Scientific classification
- Kingdom: Animalia
- Phylum: Chordata
- Class: Aves
- Clade: Strisores
- Order: Apodiformes
- Family: Trochilidae
- Tribe: Trochilini
- Genus: Leucochloris Reichenbach, 1854
- Species: L. albicollis
- Binomial name: Leucochloris albicollis (Vieillot, 1818)

= White-throated hummingbird =

- Genus: Leucochloris
- Species: albicollis
- Authority: (Vieillot, 1818)
- Conservation status: LC
- Parent authority: Reichenbach, 1854

The white-throated hummingbird (Leucochloris albicollis) is a species of hummingbird in the "emeralds", tribe Trochilini of subfamily Trochilinae. It is found in Argentina, Brazil, Paraguay, and Uruguay.

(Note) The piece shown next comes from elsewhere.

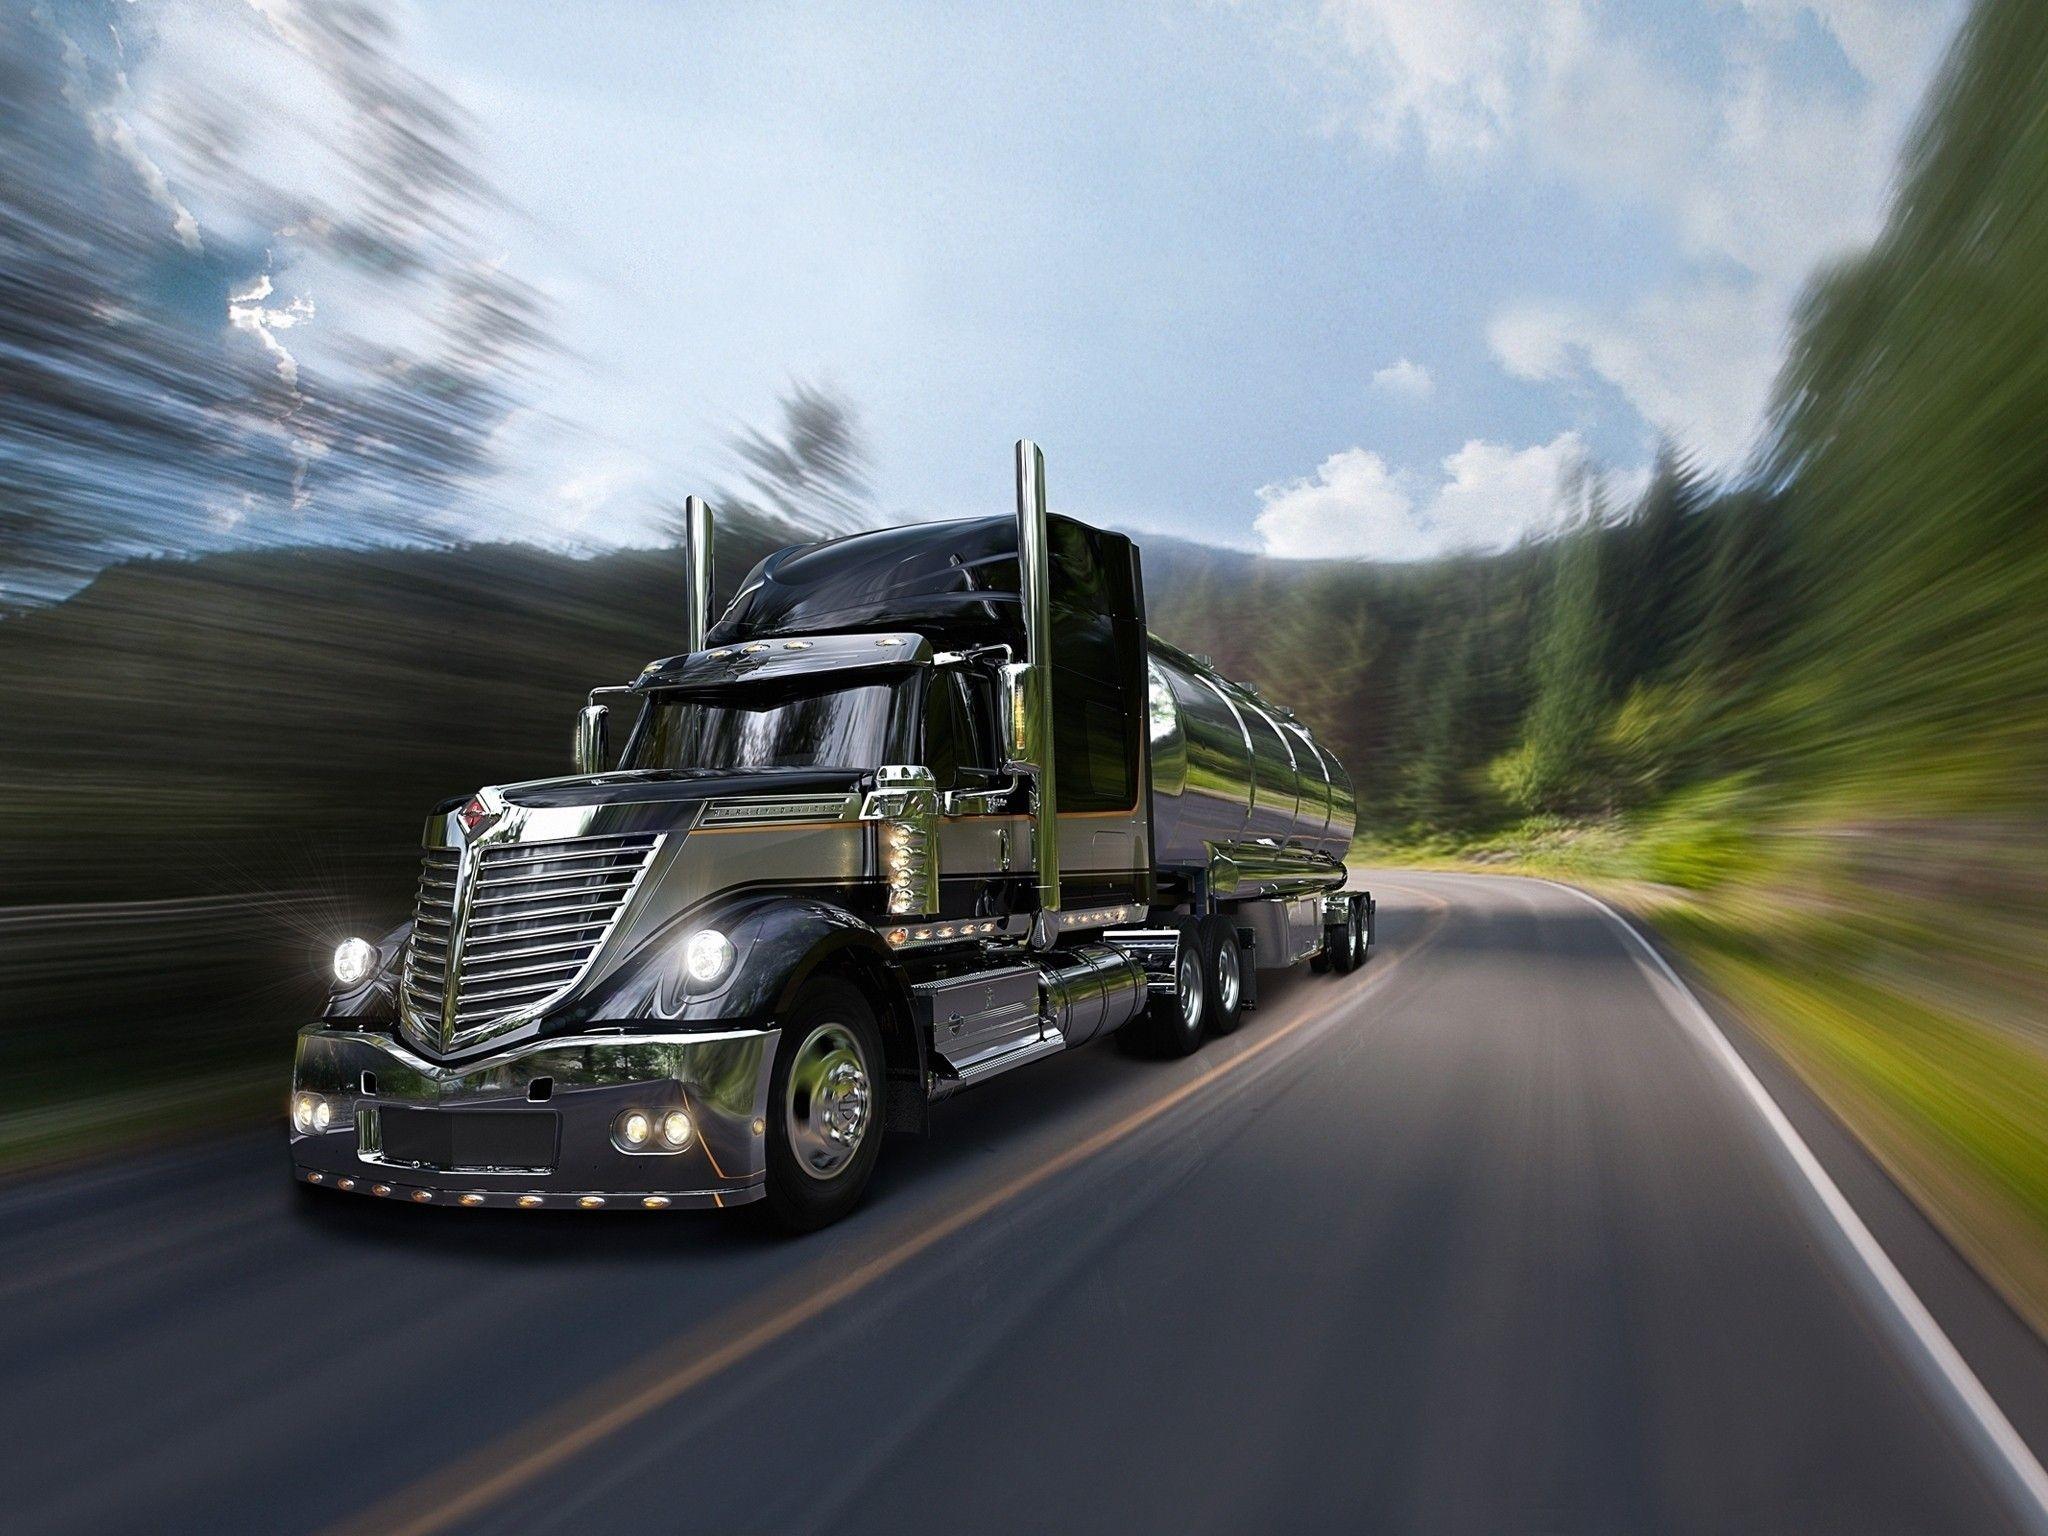 Volvo truck wallpapers high resolution | volvo truck | Pinterest | Volvo  trucks, Volvo and Semi trucks

==Taxonomy and systematics==

French ornithologist Louis Pierre Vieillot described the white-throated hummingbird in 1818 as Trochilus albicollis. Its species name is derived from the Latin words albus "white" and collum "neck". Ludwig Reichenbach erected the genus Leucochloris in 1854, deriving the name from the Ancient Greek leukos "white" and chloros "green".

The white-throated hummingbird is the only member of its genus and has no subspecies.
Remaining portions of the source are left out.